PROBLEM DESCRIPTION -
Using the records below, output the stretch that opens with the line containing "Il Messaggero Front Page - March 3, 2022" and closes with the line containing "шаблон сайта пекарни", exactly and including both lines, with nothing more.

*** MATERIAL PROVIDED ***

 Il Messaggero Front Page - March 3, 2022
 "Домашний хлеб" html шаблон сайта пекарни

*** End of MATERIAL PROVIDED ***
*** MATERIAL PROVIDED ***

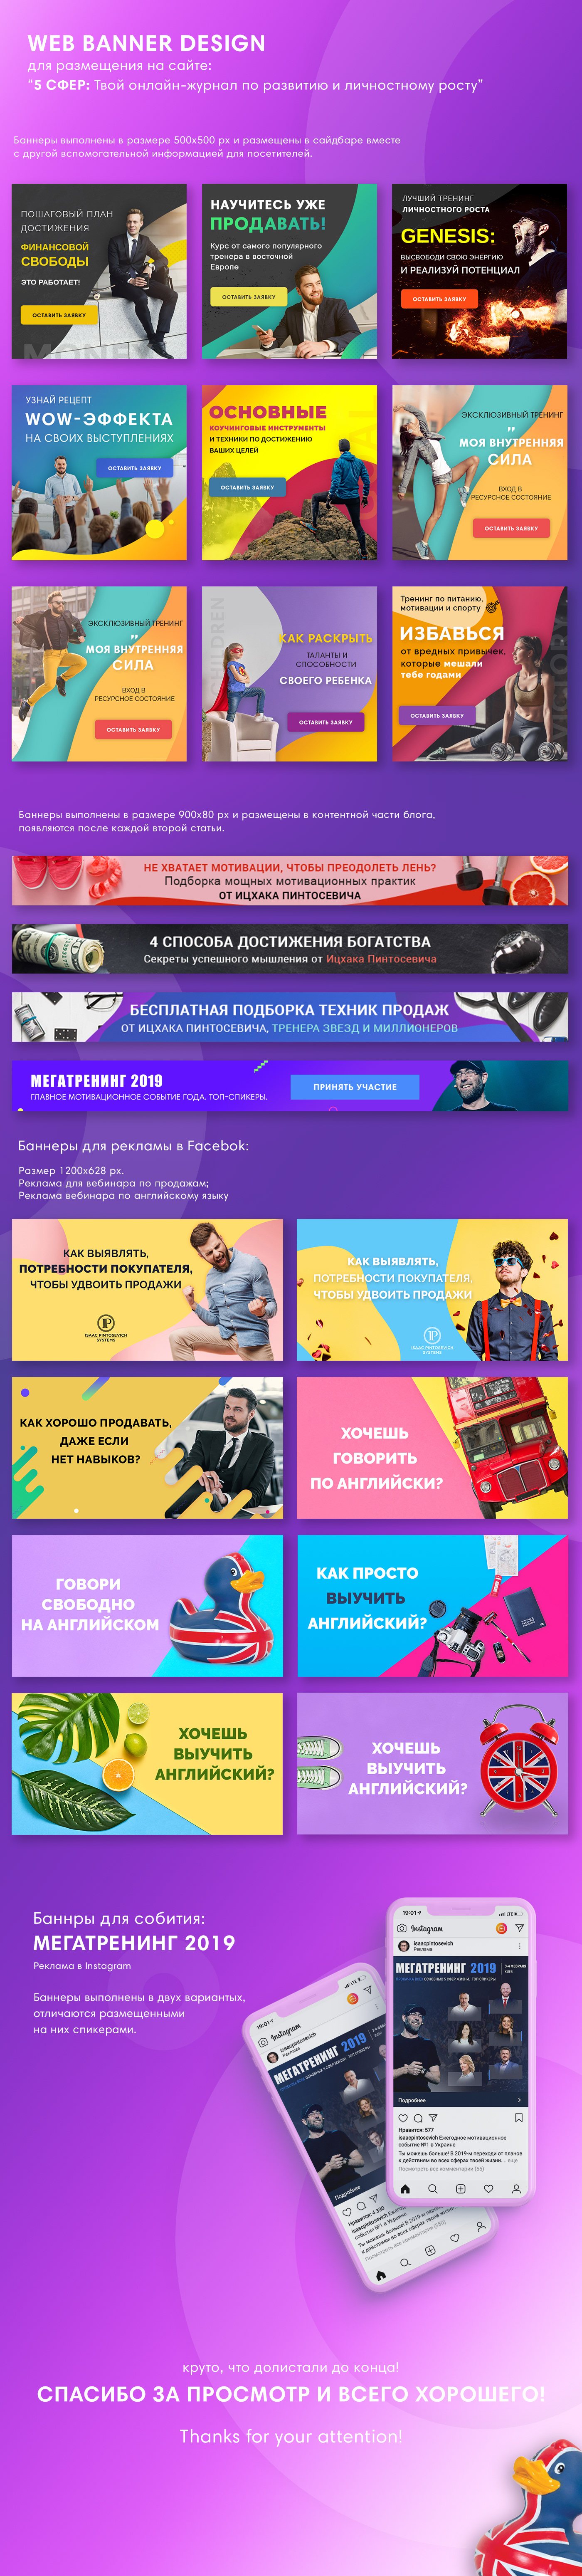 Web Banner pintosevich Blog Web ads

*** End of MATERIAL PROVIDED ***

WORKED SOLUTION -
 Il Messaggero Front Page - March 3, 2022
 "Домашний хлеб" html шаблон сайта пекарни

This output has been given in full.